— Activity —
Once you reach the line containing "Arms Traverse .300" in the data below, restate each line word for word up to and including the one containing "plus de photos".

— Supplied records —
※ ※ ※
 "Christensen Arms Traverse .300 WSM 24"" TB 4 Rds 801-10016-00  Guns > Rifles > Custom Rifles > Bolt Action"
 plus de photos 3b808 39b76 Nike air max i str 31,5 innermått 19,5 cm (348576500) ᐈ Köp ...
※ ※ ※
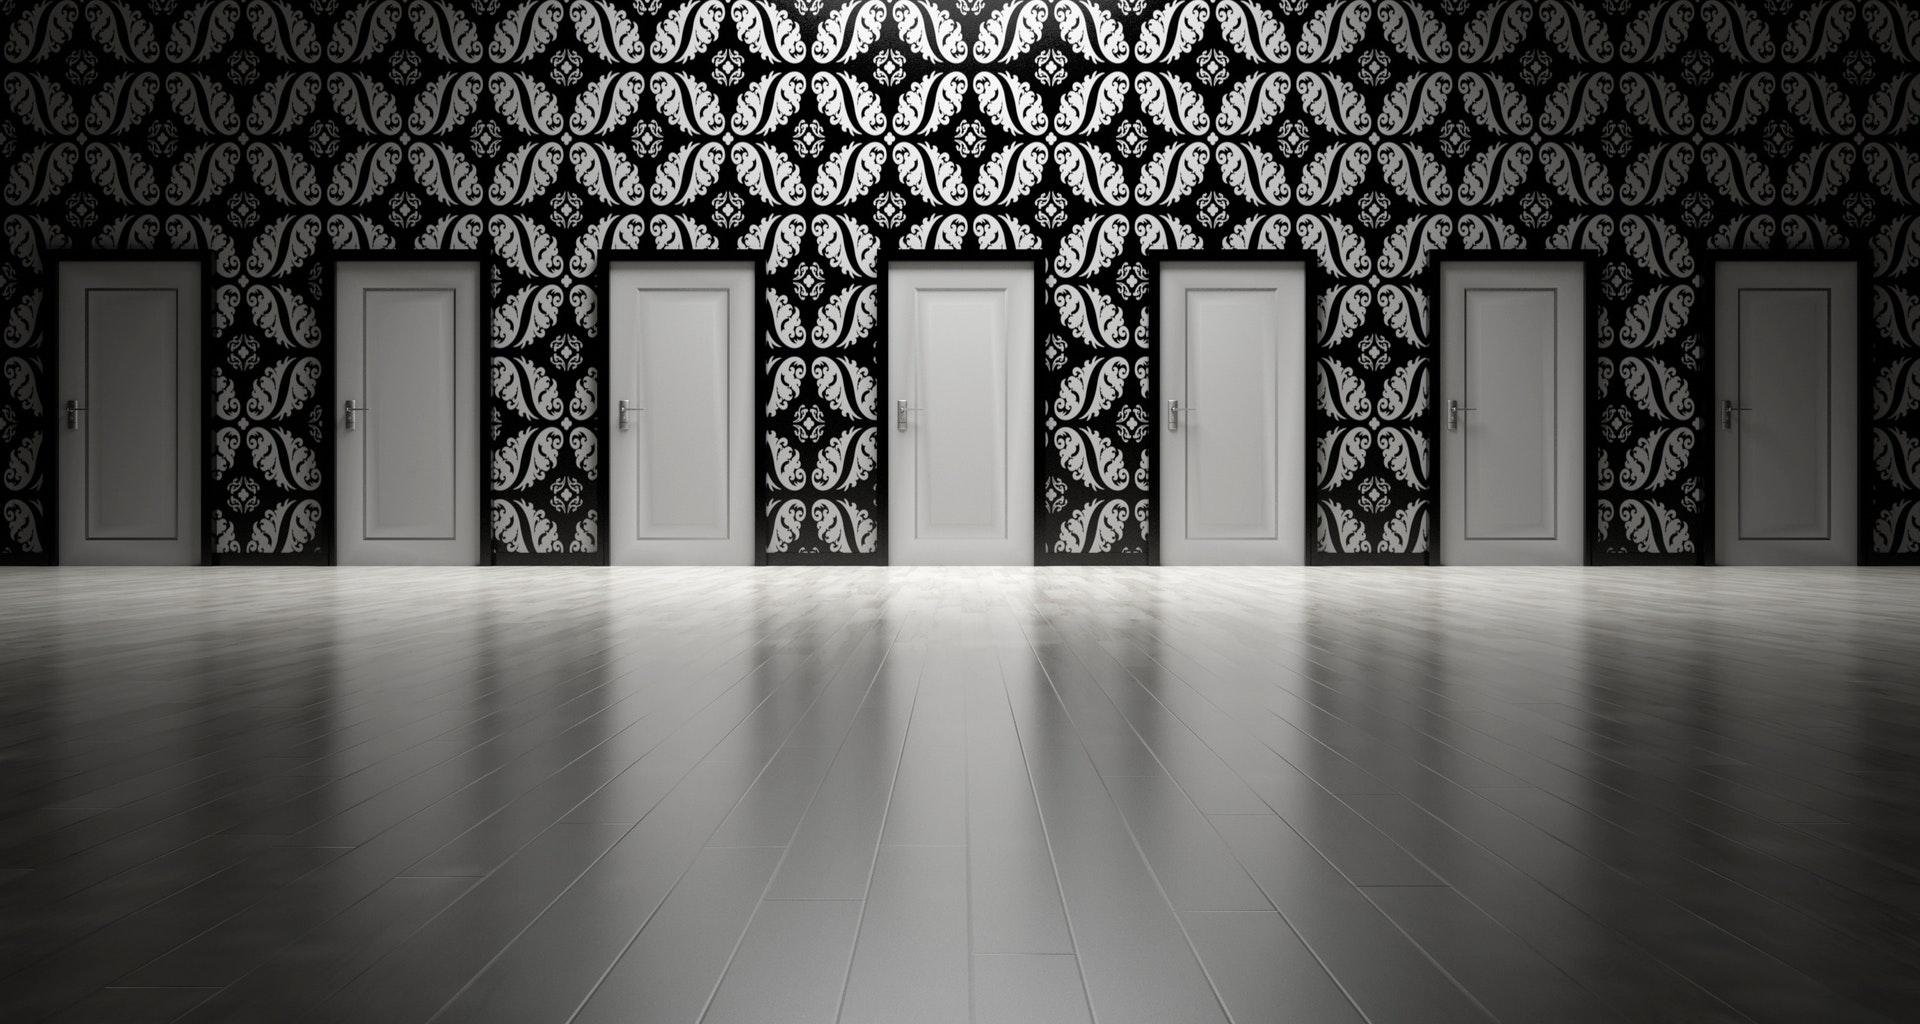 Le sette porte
※ ※ ※
— Answer to this exercise —
 "Christensen Arms Traverse .300 WSM 24"" TB 4 Rds 801-10016-00  Guns > Rifles > Custom Rifles > Bolt Action"
 plus de photos 3b808 39b76 Nike air max i str 31,5 innermått 19,5 cm (348576500) ᐈ Köp ...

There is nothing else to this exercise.